The example associates the action with the nonterminal symbol string which appears as the first symbol after member. An instance of type print is passed to the nonterminal symbol string inside squared brackets. As string represents the key within key-value pairs of JSON objects, the overloaded operator()() operator of class print is called for every discovered key which simply writes the key to the standard output stream.

It is now possible to define an arbitrary number of actions or to associate them with an arbitrary number of symbols. In order to associate an action with a literal, a parser must be specified explicitly. This is no different from the definition of the nonterminal symbol string specifying the boost::spirit::ch_p class. The following example uses the boost::spirit::str_p class to associate an object of type print with the literal true.

#include <boost/spirit.hpp> 
#include <string> 
#include <fstream> 
#include <sstream> 
#include <iostream> 

struct json_grammar 
  : public boost::spirit::grammar<json_grammar> 
{ 
  struct print 
  { 
    void operator()(const char *begin, const char *end) const 
    { 
      std::cout << std::string(begin, end) << std::endl; 
    } 

    void operator()(const double d) const 
    { 
      std::cout << d << std::endl; 
    } 
  }; 

  template <typename Scanner> 
  struct definition 
  { 
    boost::spirit::rule<Scanner> object, member, string, value, number, array; 

    definition(const json_grammar &self) 
    { 
      using namespace boost::spirit; 
      object = "{" >> member >> *("," >> member) >> "}"; 
      member = string[print()] >> ":" >> value; 
      string = "\"" >> *~ch_p("\"") >> "\""; 
      value = string | number | object | array | str_p("true")[print()] | "false" | "null"; 
      number = real_p[print()]; 
      array = "[" >> value >> *("," >> value) >> "]"; 
    } 

    const boost::spirit::rule<Scanner> &start() 
    { 
      return object; 
    } 
  }; 
}; 

int main(int argc, char *argv[]) 
{ 
  std::ifstream fs(argv[1]); 
  std::ostringstream ss; 
  ss << fs.rdbuf(); 
  std::string data = ss.str(); 

  json_grammar g; 
  boost::spirit::parse_info<> pi = boost::spirit::parse(data.c_str(), g, boost::spirit::space_p); 
  if (pi.hit) 
  { 
    if (pi.full) 
      std::cout << "parsing all data successfully" << std::endl; 
    else 
      std::cout << "parsing data partially" << std::endl; 
    std::cout << pi.length << " characters parsed" << std::endl; 
  } 
  else 
    std::cout << "parsing failed; stopped at '" << pi.stop << "'" << std::endl; 
} 

In addition, the example associates an action with boost::spirit::real_p. While most parsers pass a pointer to the beginning and end of the identified data, boost::spirit::real_p passes the discovered number as double instead. This certainly makes processing of numbers much easier since they do not need to be converted explicitly. In order to pass a value of type double to the action, a corresponding overloaded operator()() operator has been added to print.
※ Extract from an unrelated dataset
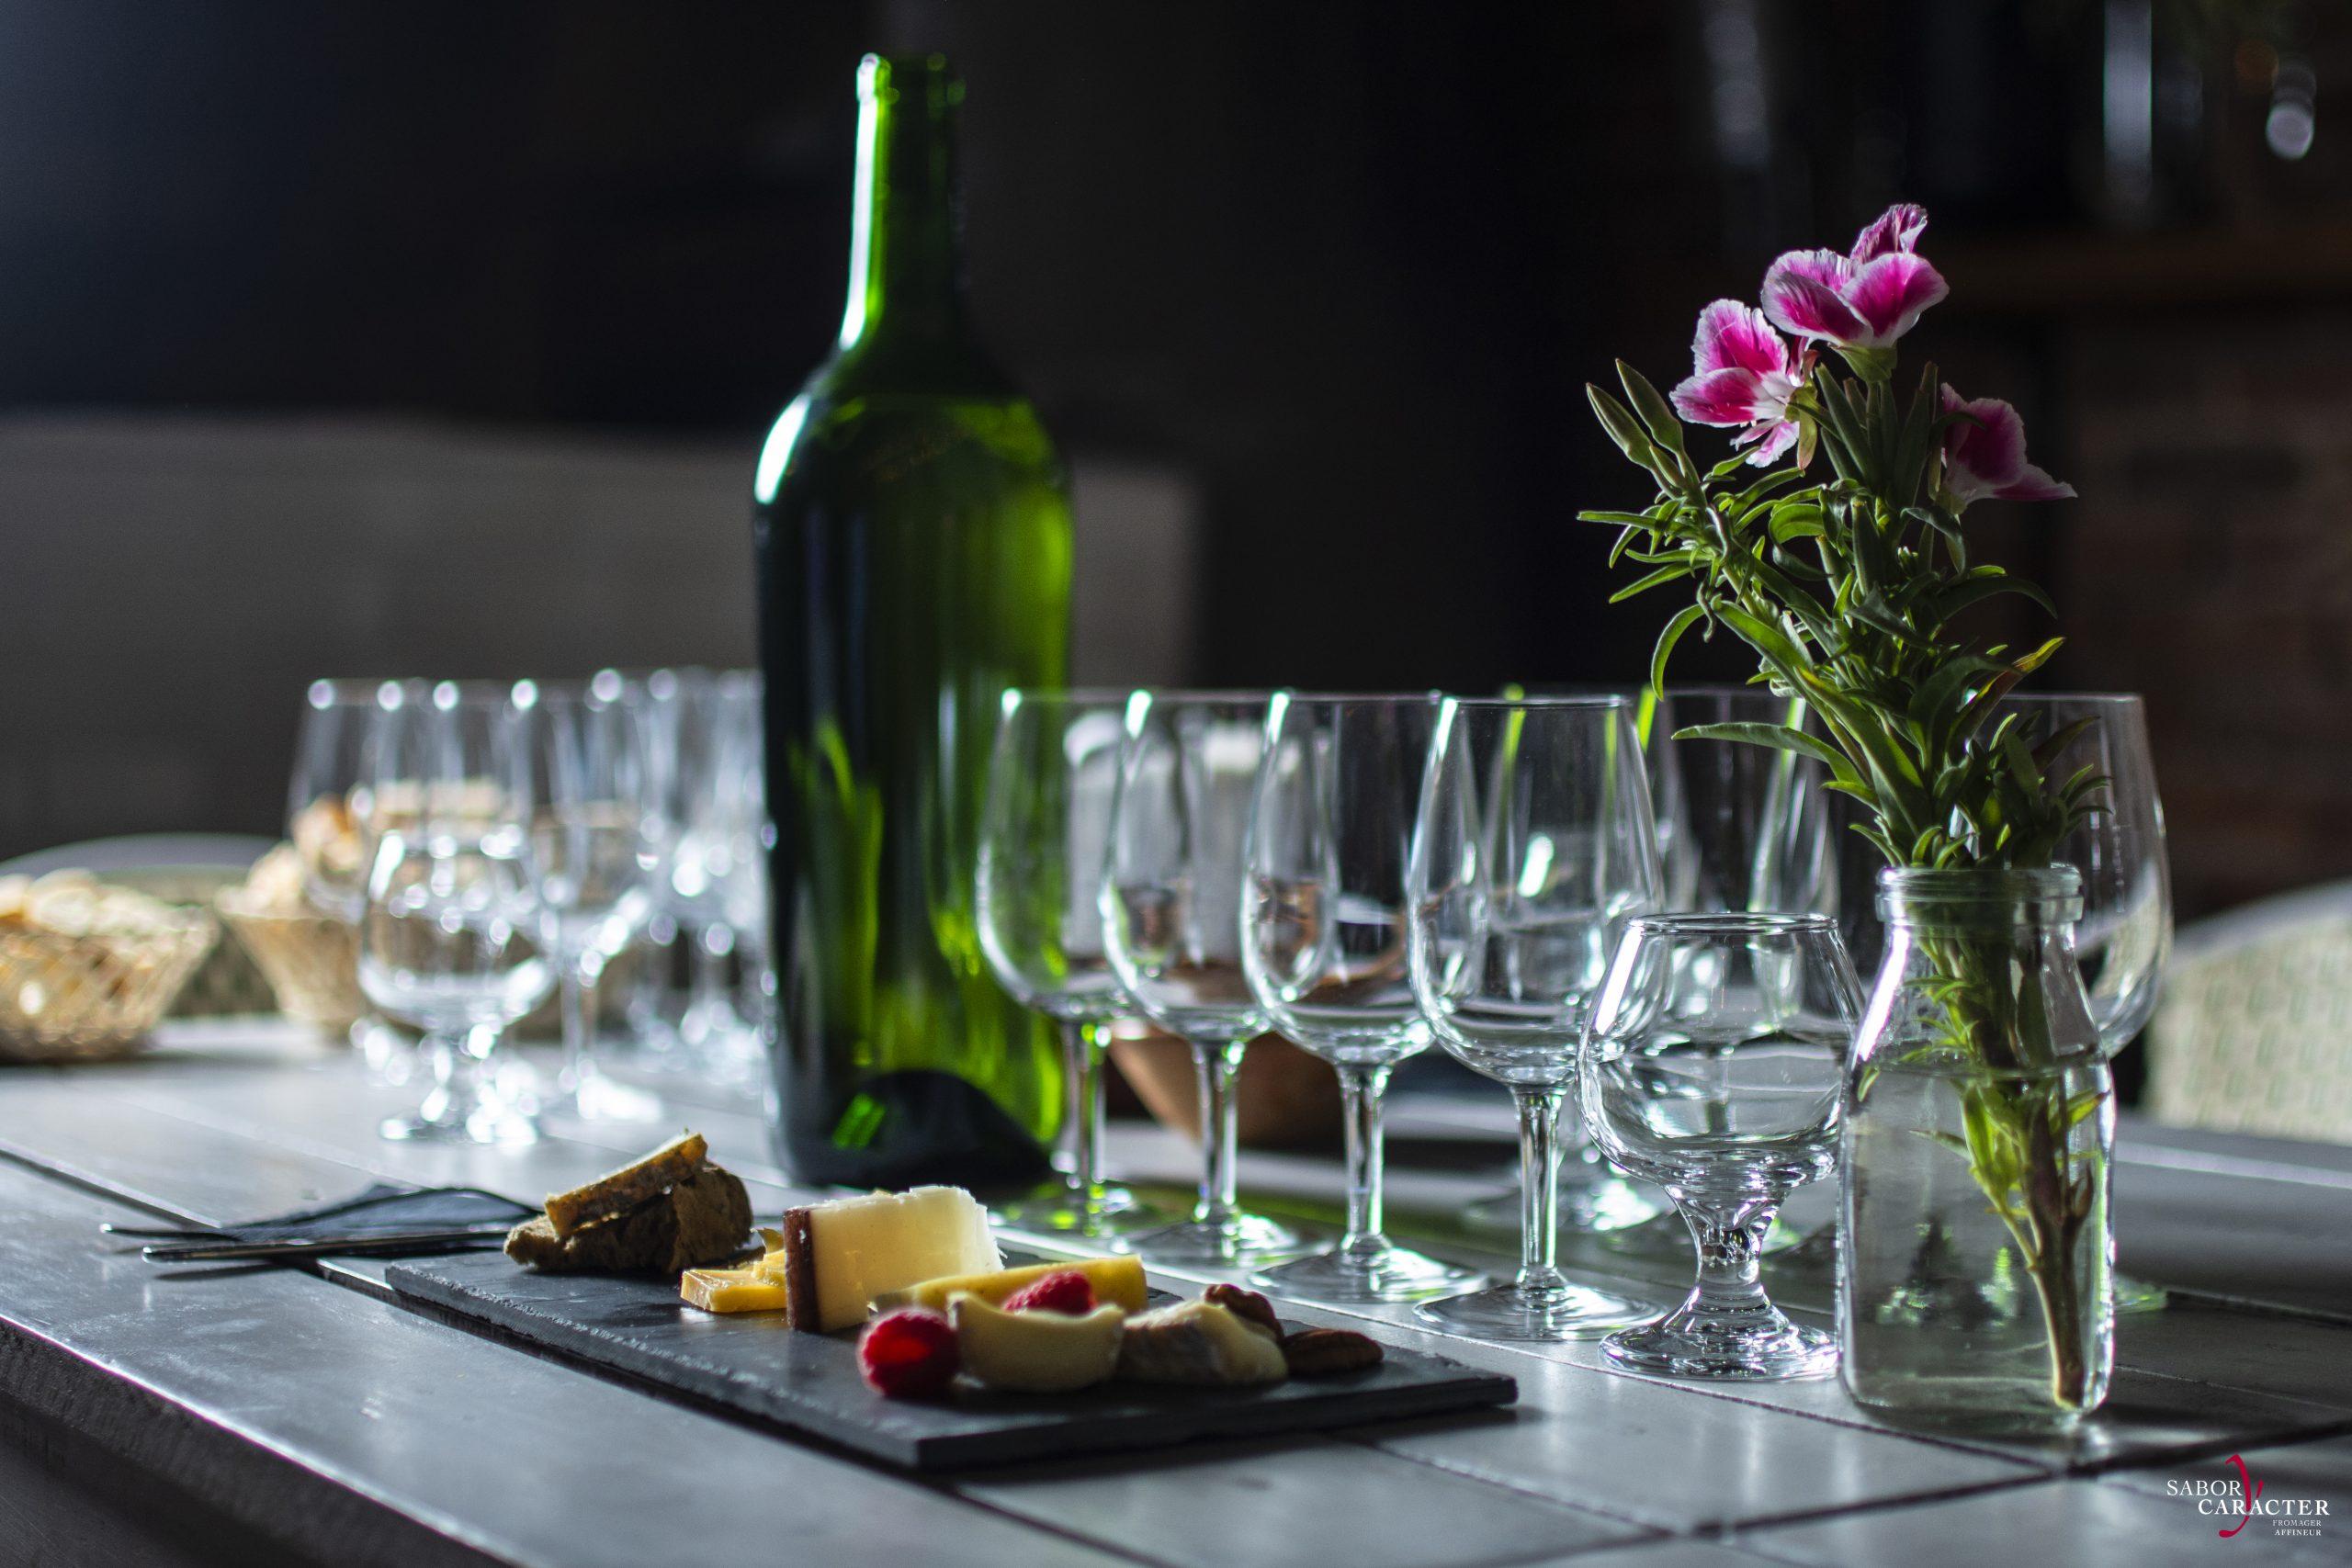 sabor-y-caracter-queso-gastronomia-gourmet-cheese-club-presentación-queso- cena-maridaje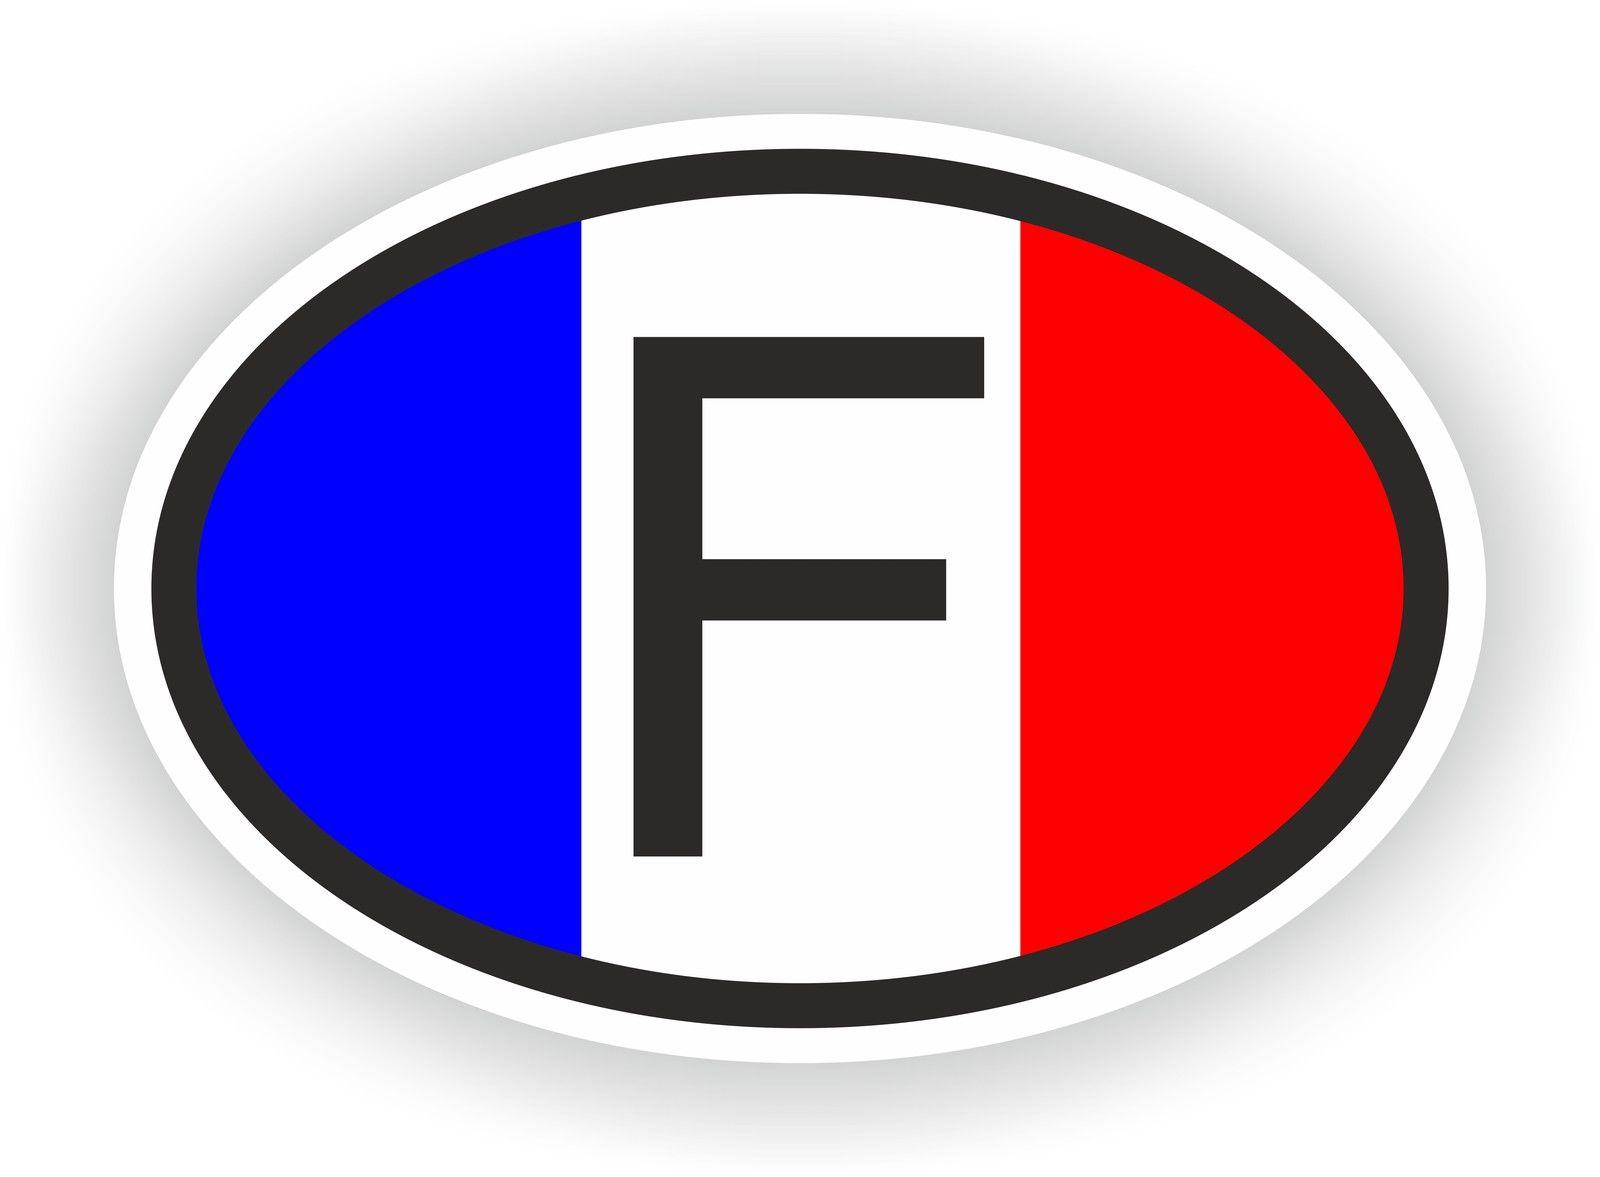 F bleu blanc rouge

Besides the parsers introduced in this chapter such as boost::spirit::str_p or boost::spirit::real_p, Boost.Spirit offers many more. For example, boost::spirit::regex_p is helpful if regular expressions should be used. In addition, parsers to verify conditions or execute loops exist as well. This helps creating dynamic parsers which process data differently depending on conditions. In order to get an overview over the utilities provided by Boost.Spirit, one should take a look at its documentation.


12.5 Exercises

You can buy solutions to all exercises in this book as a ZIP file.

  1. Develop a calculator that can add and subtract arbitrary integers and floating-point numbers. The calculator should accept input such as =-4+8 + 1.5 and display 5.5 as the result accordingly.